John Forbes Nash was born in Bluefield, West Virginia, USA in 1928. Both his parents were graduates and they took an active interest in their son’s intellectual development. Nash was something of an independent learner and in his early teenage years he was conducting scientific experiments and solving challenging mathematical problems on his own. In 1945 he joined the Carnegie Institute of Technology (now Carnegie-Mellon University) having won a scholarship in the George Westinghouse Competition. He began by studying chemical engineering before switching to chemistry and then mathematics. Because of the notable progress Nash then made, when he graduated in 1948 he was awarded both a BS and an MS. Nash credits this achievement to extra mathematics schooling his parents had arranged for him while he was still in Bluefield. Carnegie also gave him his first brush with economics – an elective he took in international economics that was to lead to both his Econometrica paper ‘The Bargaining Problem’ (Nash, 1950c), and his interest in game theory (Nobel Foundation, 2004).
On the strength of a remarkable recommendation from Carnegie – it read simply ‘This man is a genius’ – Nash was offered graduate student fellowships by Princeton and Harvard universities (Kuhn et al., 1996). It has been suggested that his preference was for Harvard, but Princeton offered him more generous terms and seemed keener to attract him; Nash opted for Princeton. His PhD thesis (Nash, 1950a), containing the work that would win him the Nobel Prize, was accepted by Princeton’s Mathematics Department in 1950. Nash was 21.
After completing his PhD, Nash stayed at Princeton for a year as an instructor before moving to the Massachusetts Institute of Technology (MIT) as C.L.E. Moore Instructor. For a time he also worked for the RAND Corporation. In 1956–57 he returned to visit Princeton on a sabbatical funded by an Alfred P. Sloan award. Nash remained at MIT until resigning in 1959 because of mental health problems with which he struggled for a long time. He is currently senior research mathematician in the Department of Mathematics at Princeton.

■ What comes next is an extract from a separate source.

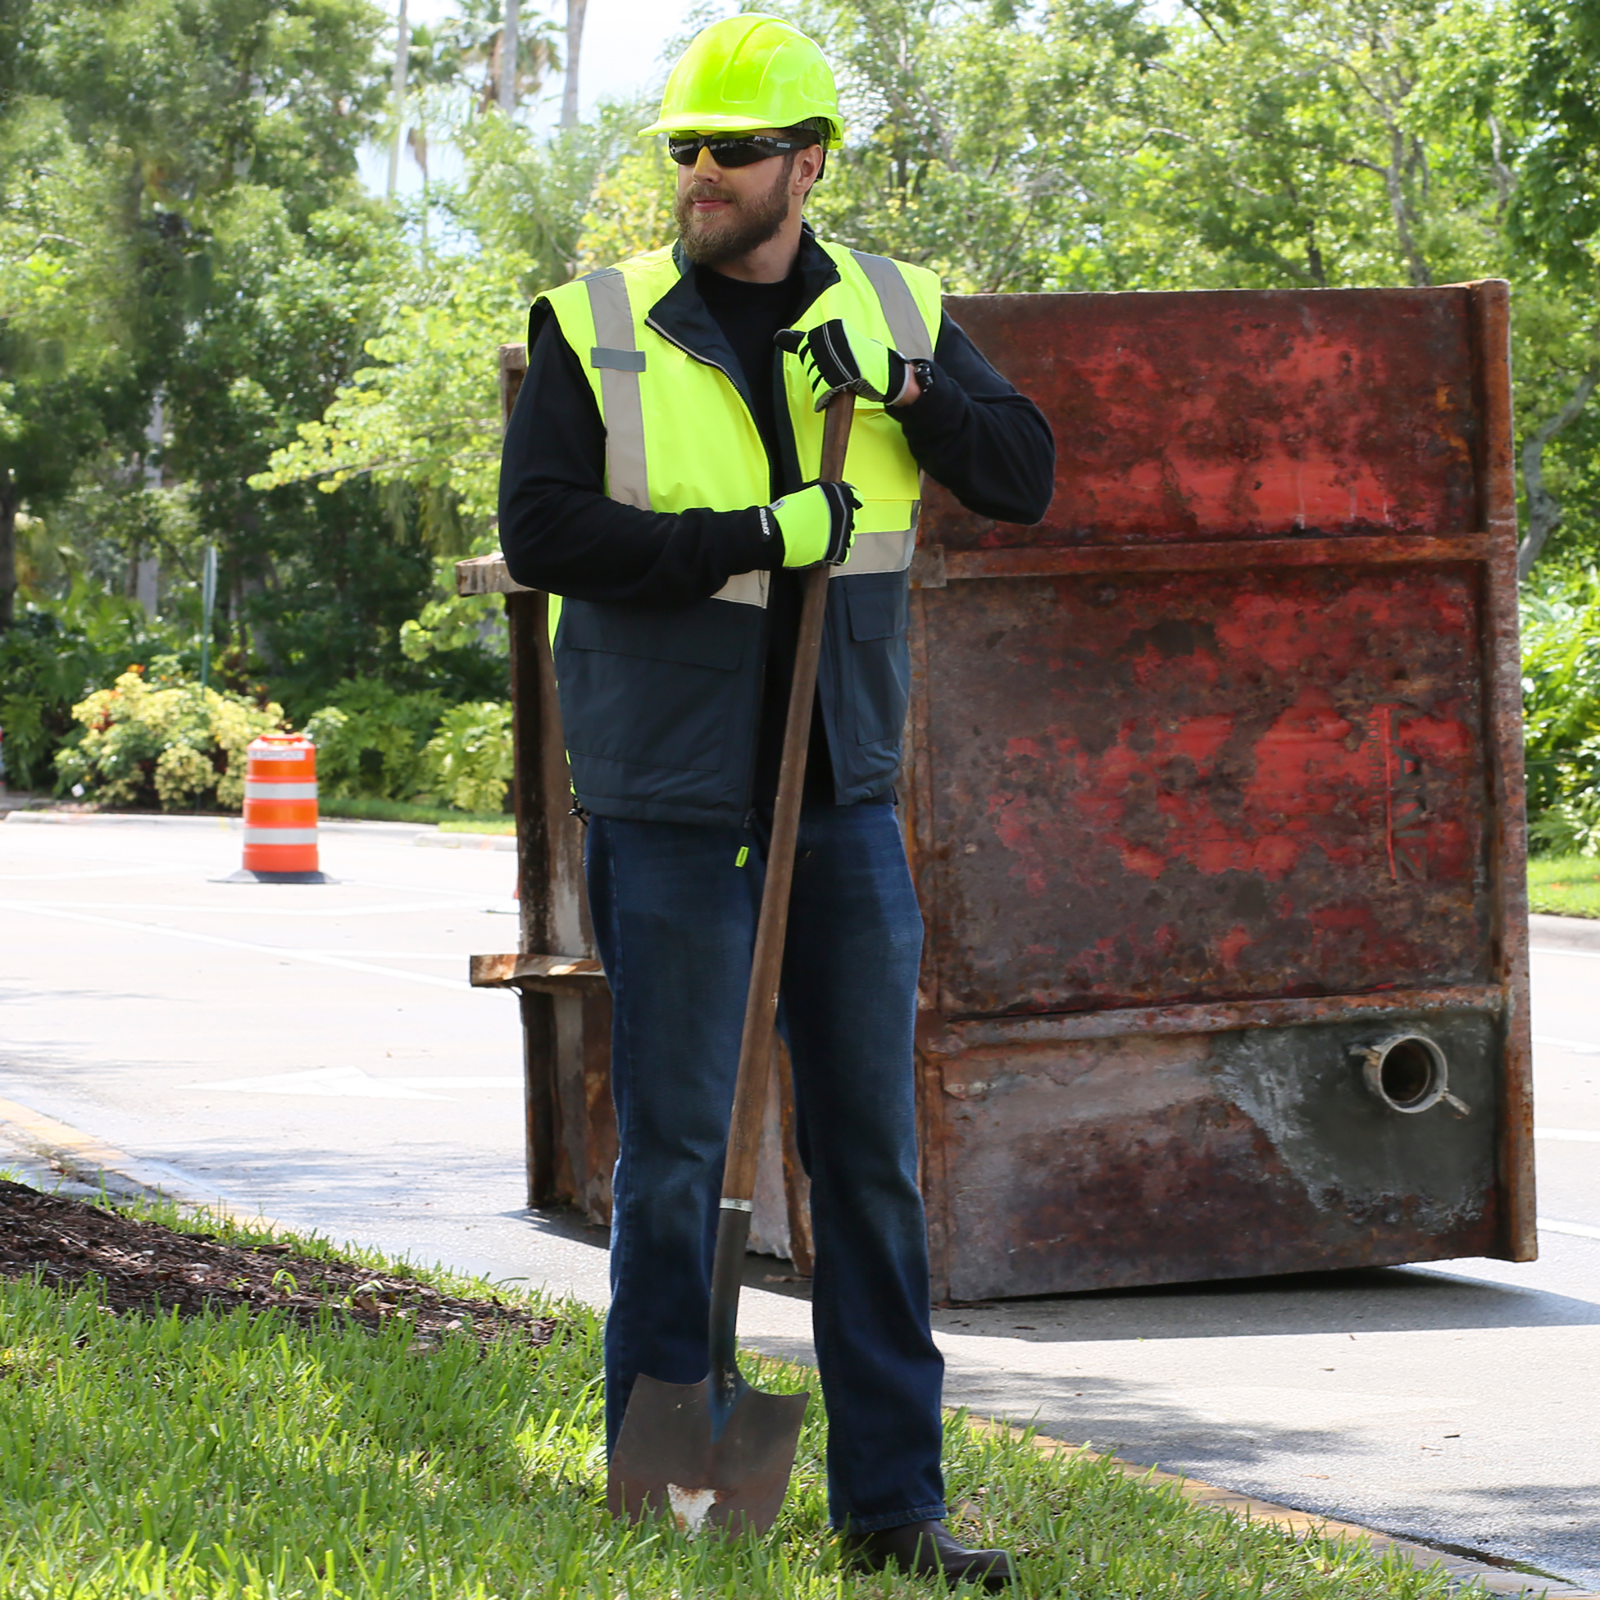 Man wearing the reflective safety vest while he is in a road construction or repair

Nash’s honours include the award (jointly with Carlton E. Lemke) in 1978 of the John von Neumann Theory Prize by the Operations Research Society of America and the Institute of Management Sciences. In 1999 he received the Leroy P. Steele Prize from the American Mathematical Society. In 1994 Nash was awarded the Nobel Memorial Prize in Economics, together with John Harsanyi and Reinhard Selten, ‘for their pioneering analysis of equilibria in the theory of non-cooperative games’ (Nobel Foundation, 2004).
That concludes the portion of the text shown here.